Wild’s major characters can best be understood through Freud’s theory of the mind. In his theory, he portrays the mind as being in conflict with itself; conflict between the id, the ego and the super ego. Id is the impulsive part of the psyche concerned with direct and immediate unconscious response to our instincts. The Id requires immediate satisfaction that leads to one experiencing pleasure. However, if the satisfaction is not met, then the obvious outcome will be an incidence of agony or un-pleasure. Logic, reality or the happenings of everyday’s world do not affect the id of a person. Id purely operates on the un-pleasure or pleasure principle, which in psychoanalysis, is the immediate mental tendency or drives to always achieve pleasure and avoid pain as a key force that motivates a particular behavior regardless of the practical or social consequences. In summary, id involves basic process of thinking that is irrational, illogical, primitive and fantasy oriented (Freud 1961, p. 45).

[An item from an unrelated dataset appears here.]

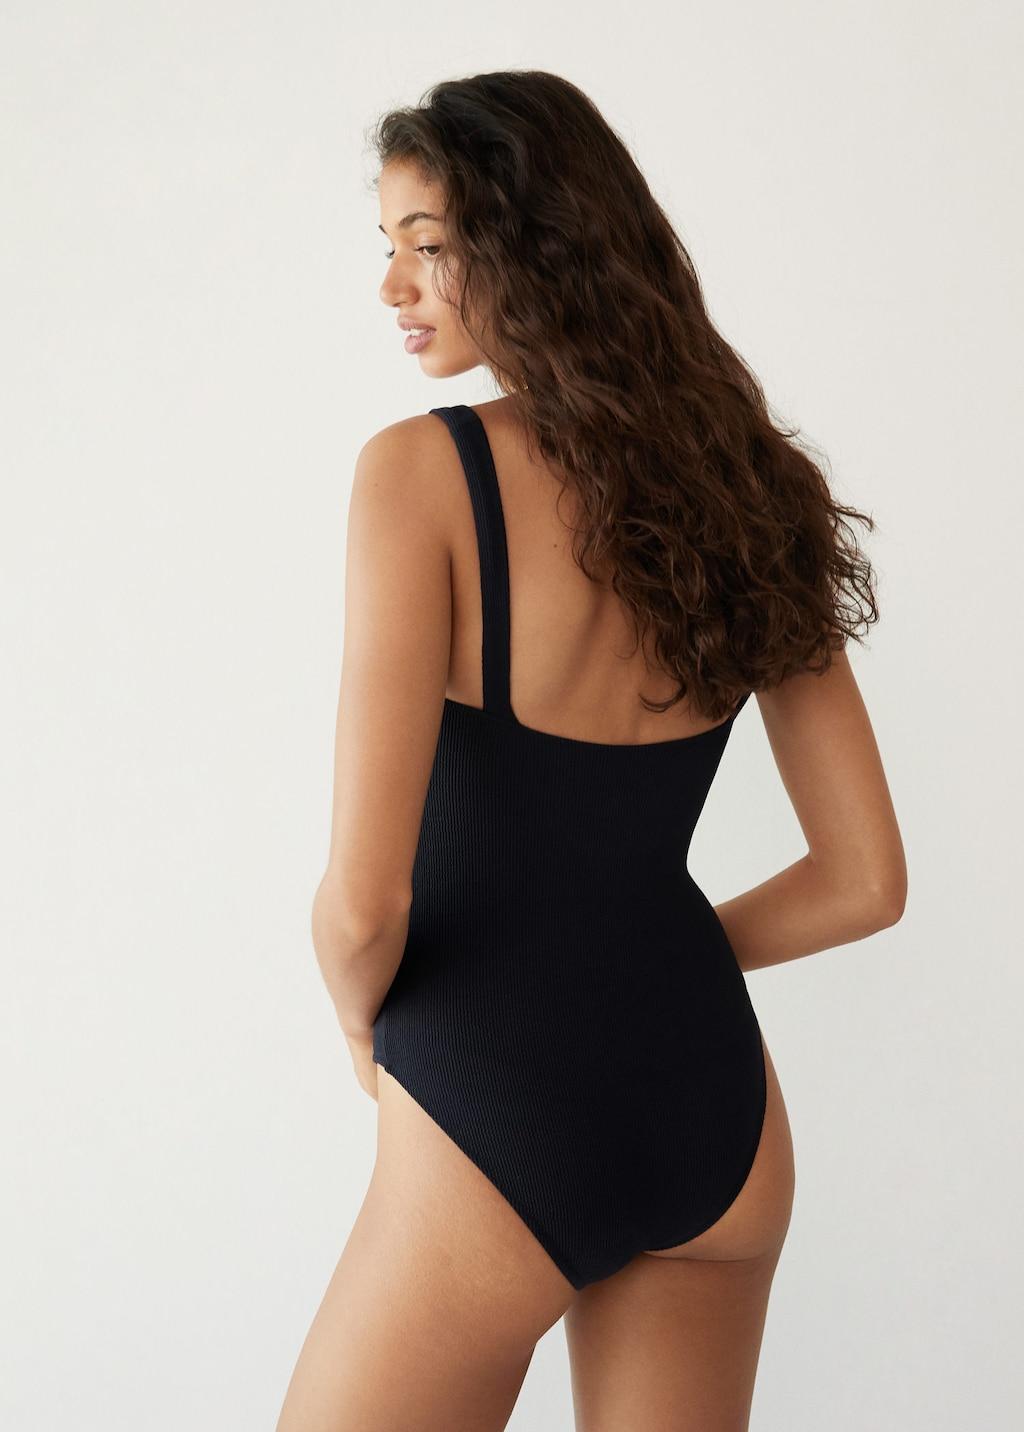 affordbale minimalist swimsuit — under $100 black one-piece swimwear with modest full coverage butt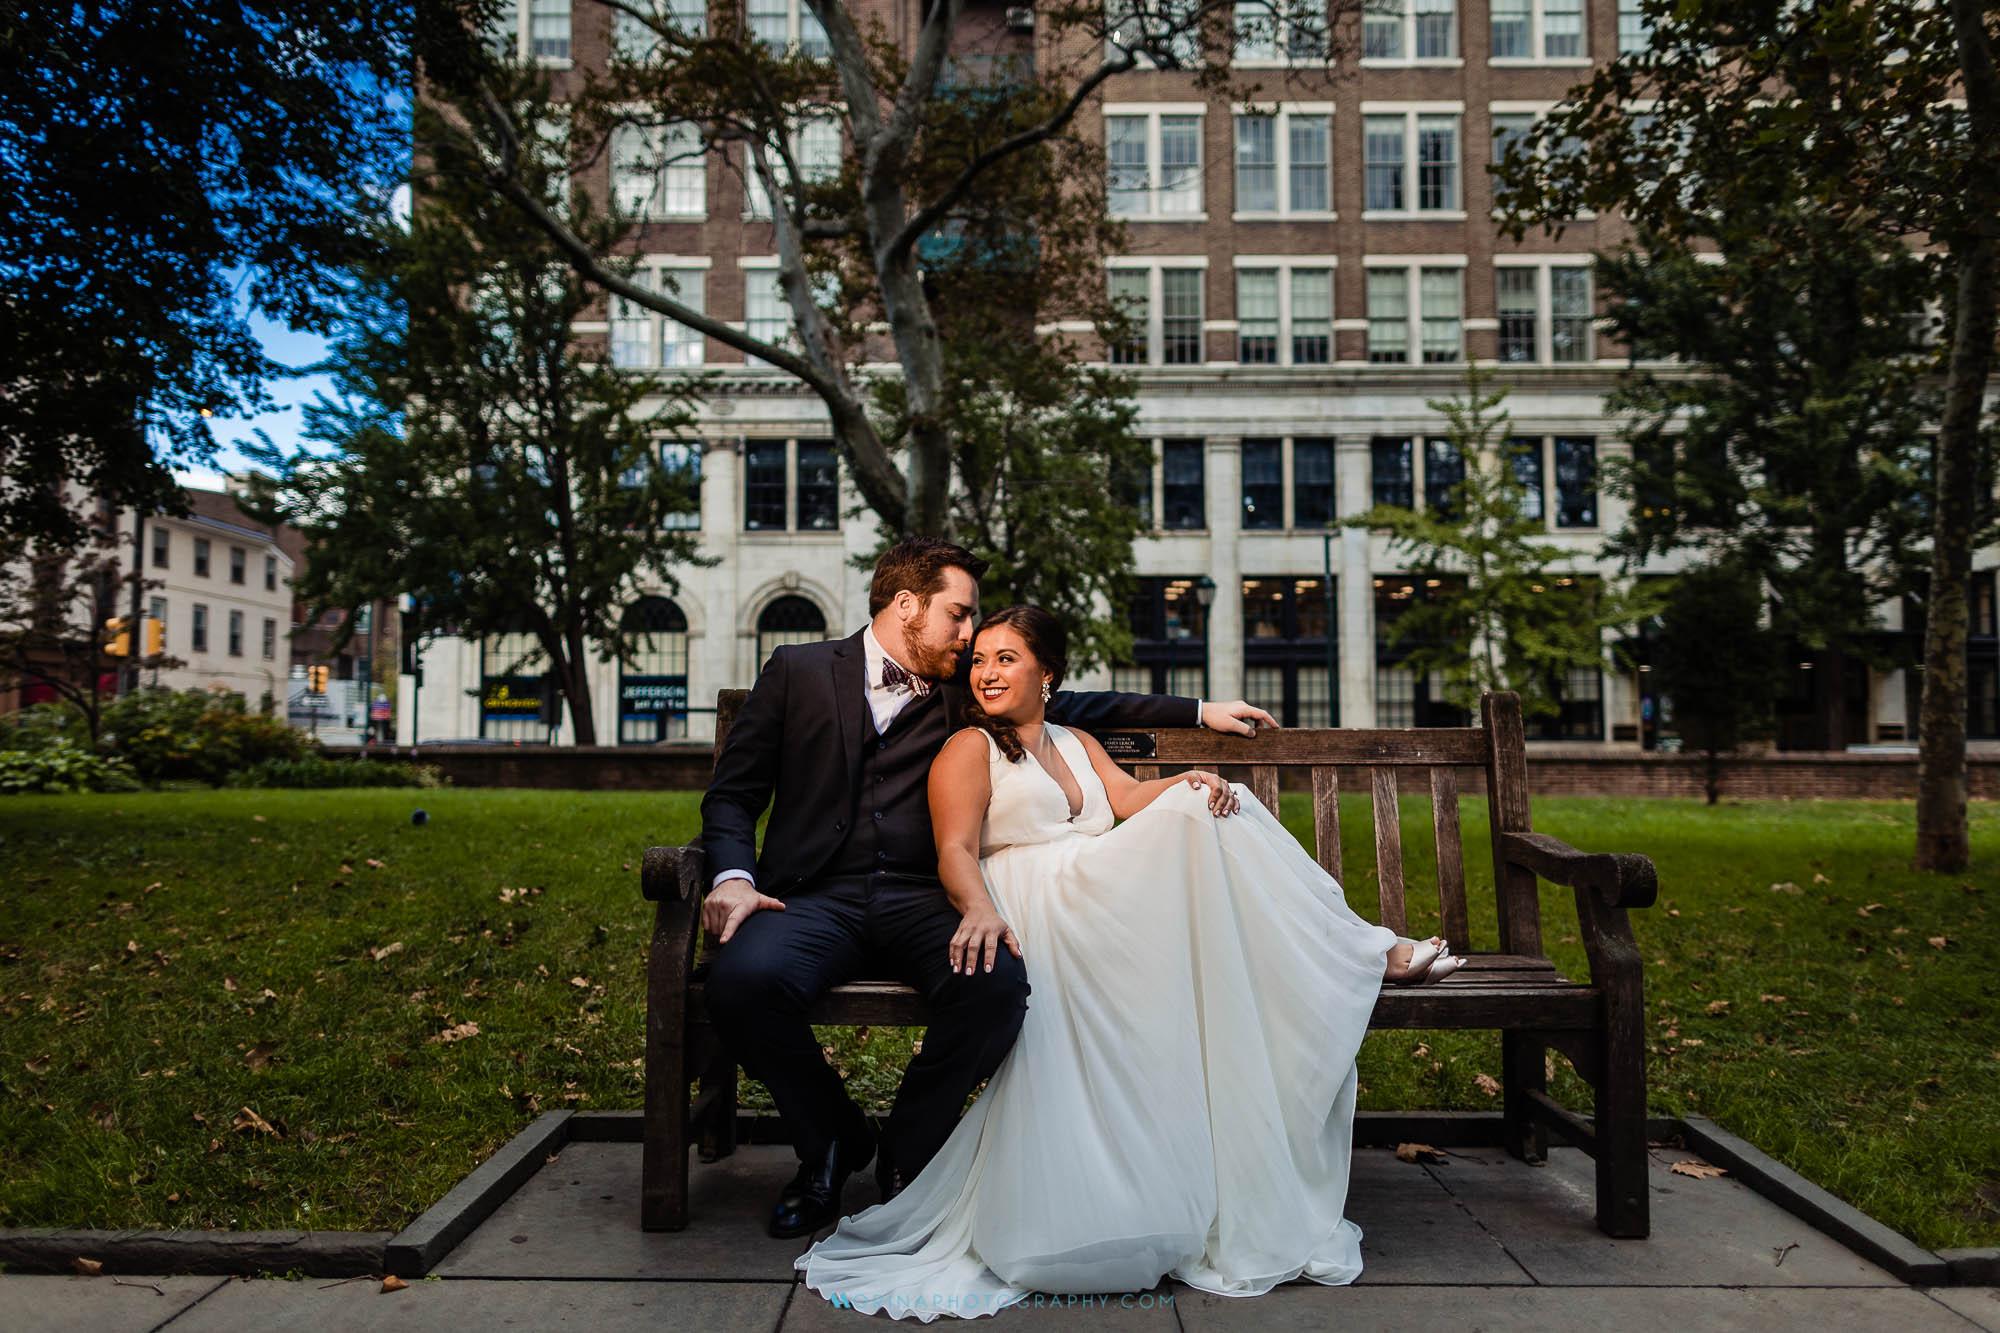 Yuki & Michael Wedding at Morris House Hotel Blog 0039.jpg

Contrary to id, Freud (1961, p. 49) explains, the ego is a sub-section of id that the external environment modifies through direct influence. Ego develops, essentially to moderate between the reality and unreality. It is a component of personality that is concerned with making decisions. While id is unrealistic and illogical, ego works by reason. Ego operates by the principle of reality in attempting to satisfy the demand of id by postponing or even compromising pleasure to escape the negative social and practical consequences of the world. Freud (1961, p.49) further elaborates that ego puts into consideration the norms, realities, etiquette, and rules of the society before deciding on an action. In ego, there is no element of wrong or right so long as the result of the behavior is desirable without causing pain to id. Ego engages the secondary process thinking that is realistic, oriented towards solving a problem, and rational (Freud 1961, p. 49).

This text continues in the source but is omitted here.